In 1982, Congress amended the federal insolvency statute, formerly codified at 31 U.S.C. §(s) 191 (1976). Insofar as no substantive changes were adopted, see H.R. Rep. No. 651, 97th Cong., 2d Sess. 1-3 (1982), reprinted in 1982 U.S.C.C.A.N. 1895, 1895-97, we rely on case law preceding the 1982 amendment in interpreting the current version of the insolvency statute. See also United States v. Cole, 733 F.2d 651, 653-54 n.1 (9th Cir. 1984).

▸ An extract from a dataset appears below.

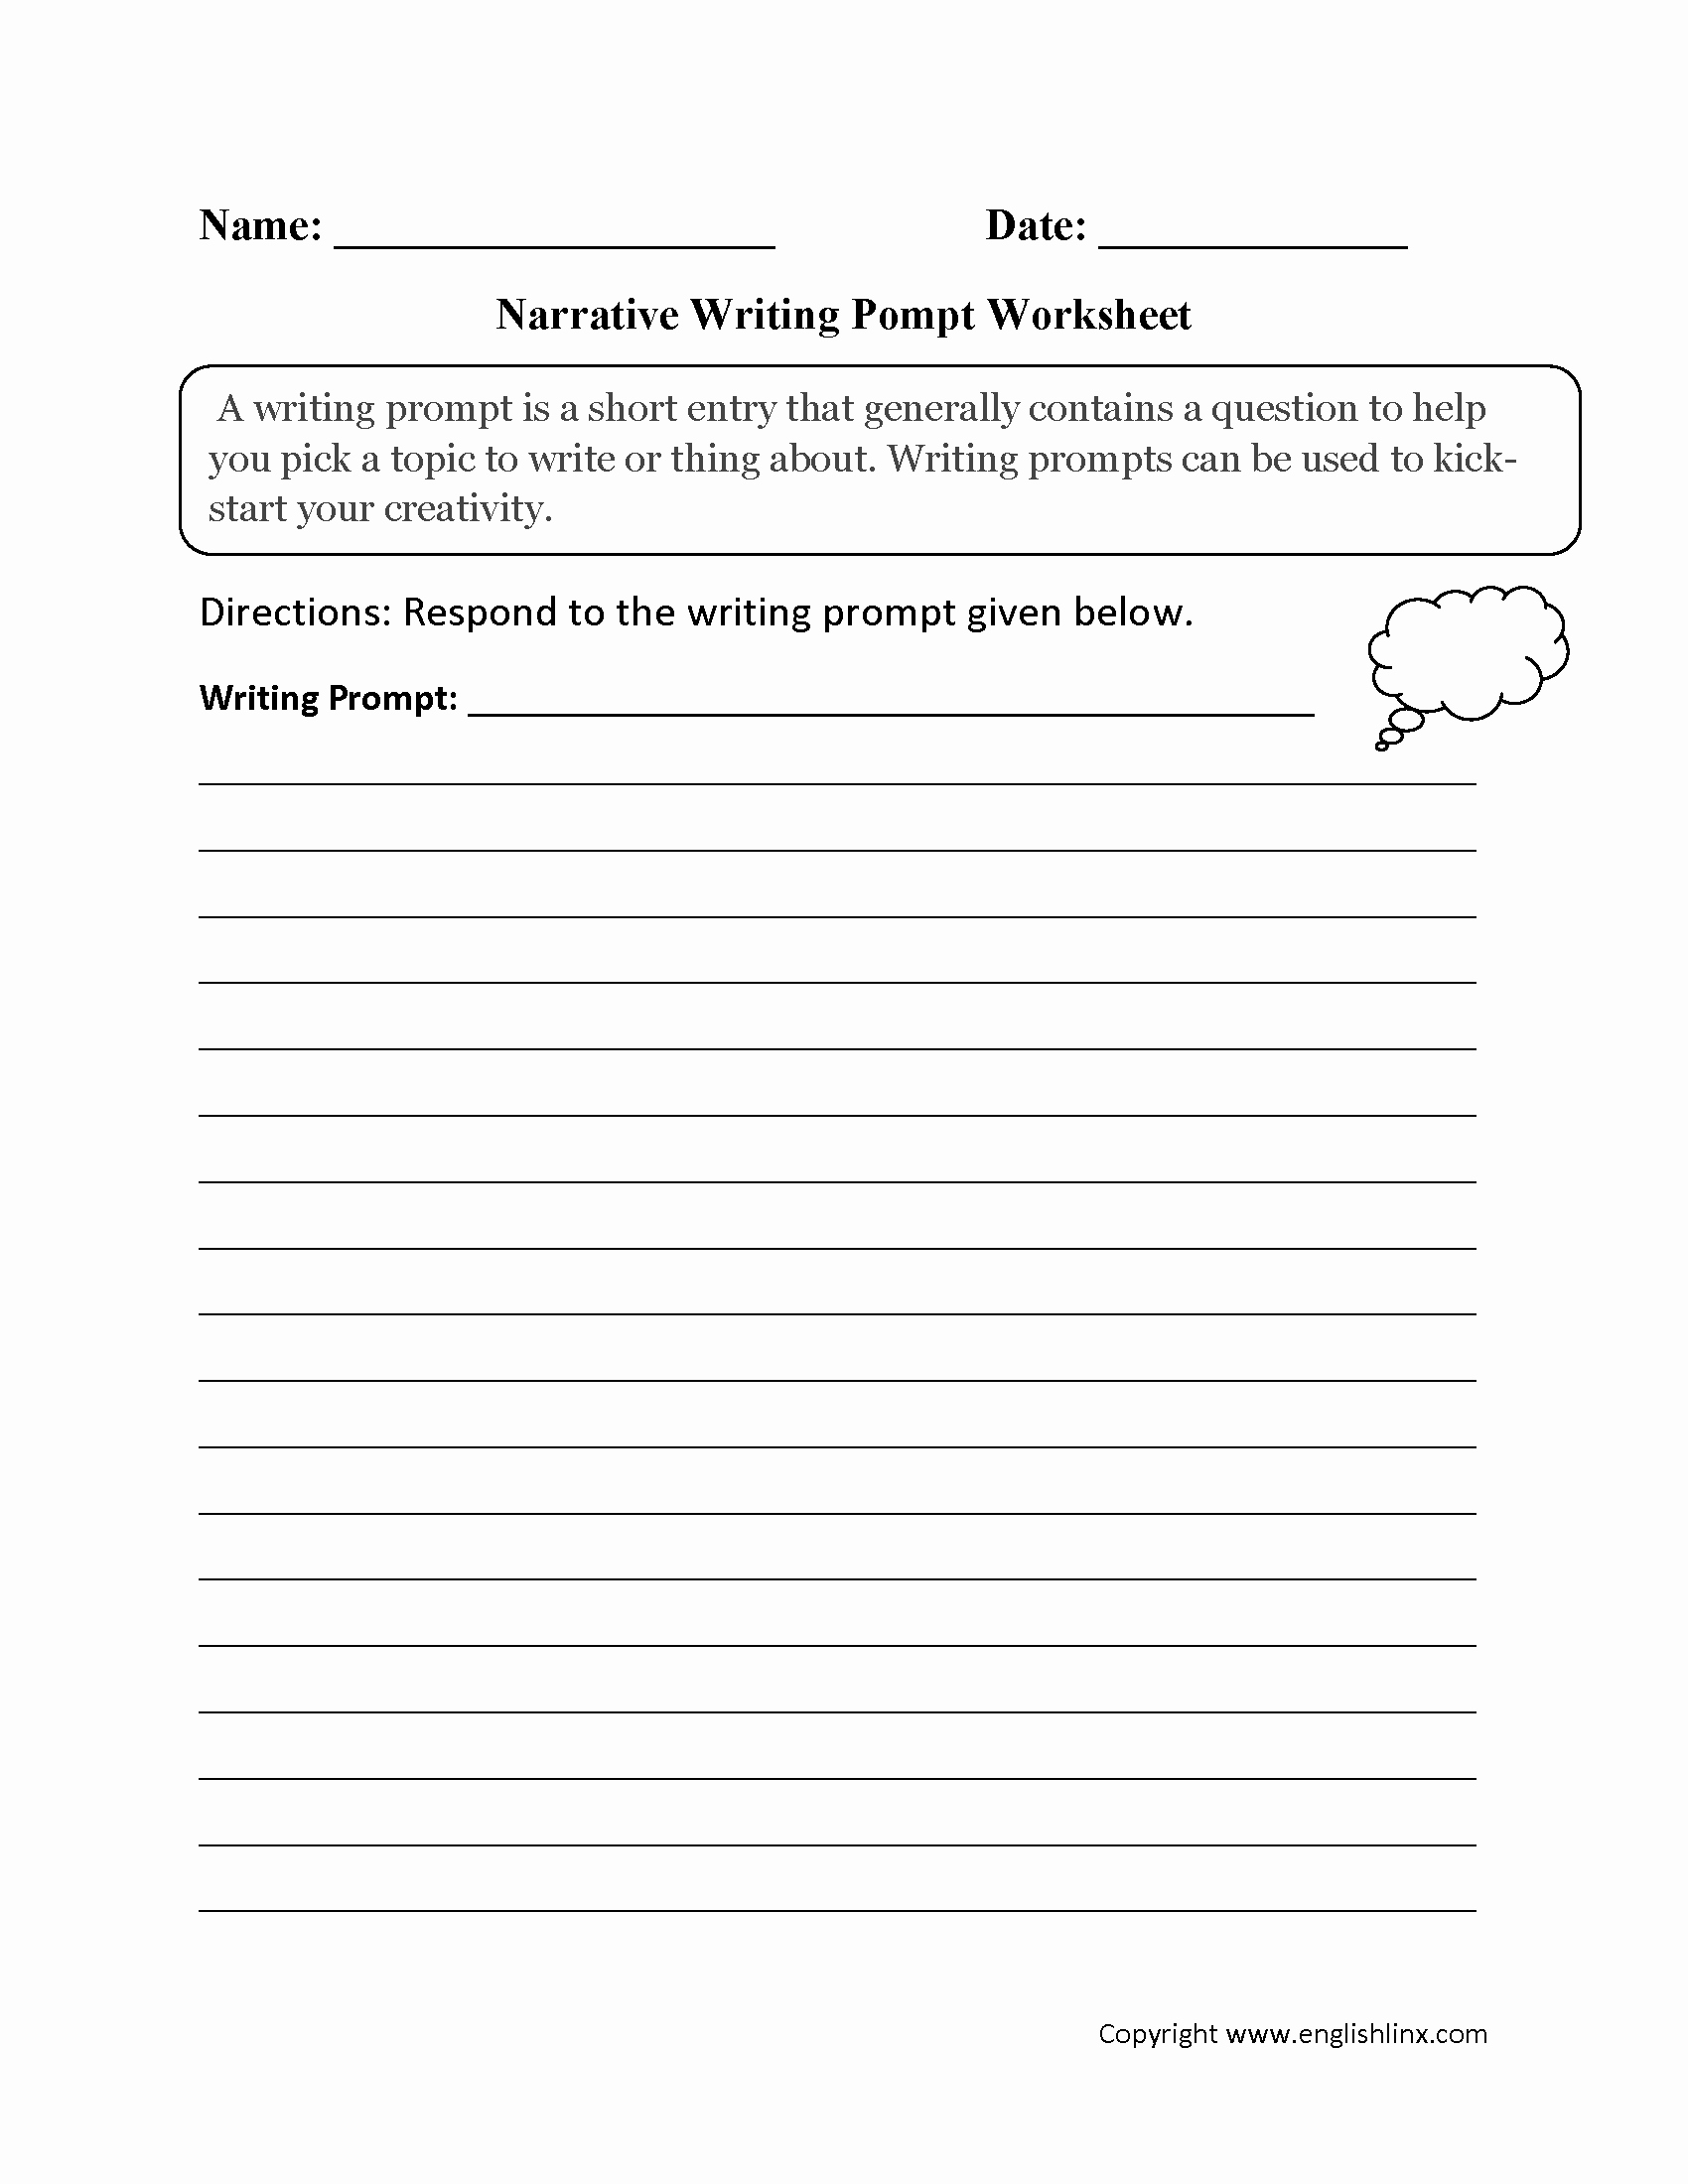 6th Grade Essay Writing Worksheets Beautiful Creative Writing Activities for 6th Grade 6th Grade

(a)(1) A claim of the United States Government shall be paid first when —

(A) a person indebted to the Government is insolvent and —

(i) the debtor without enough property to pay all debts makes a voluntary assignment of property;

(ii) property of the debtor, if absent, is attached; or

(iii) an act of bankruptcy is committed; or

(B) the estate of a deceased debtor, in the custody of the executor or administrator, is not enough to pay all debts of the debtor.

. . . .

(b) A representative of . . . an estate . . . paying any part of a debt of the person or estate before paying a claim of the Government is liable to the extent of the payment for unpaid claims of the Government.

(Emphasis added.)

Accordingly, by the statute's express terms, liability is imposed on a representative of a debtor, including an executor of an estate, who pays a debt of the estate to another in derogation of the priority of debts owed to the United States, thereby rendering the estate insolvent. In order for liability to attach, the executor must have knowledge of the debt owed by the estate to the United States or notice of facts that would lead a reasonably prudent person to inquire as to the existence of the debt owed before making the challenged distribution or payment. In re Gottheiner, 703 F.2d 1136, 1140 (9th Cir. 1983); Want v. Commissioner, 280 F.2d 777, 783 (2d Cir. 1960); Huddleston v. Commissioner, 67 Tax Ct. Mem. Dec. (CCH) 2521, 2524 (1994). Of course, the executor's liability is limited to the extent of the payment or value of the assets he distributes from the estate prior to the payment of the taxes. 31 U.S.C. §(s) 3713(b).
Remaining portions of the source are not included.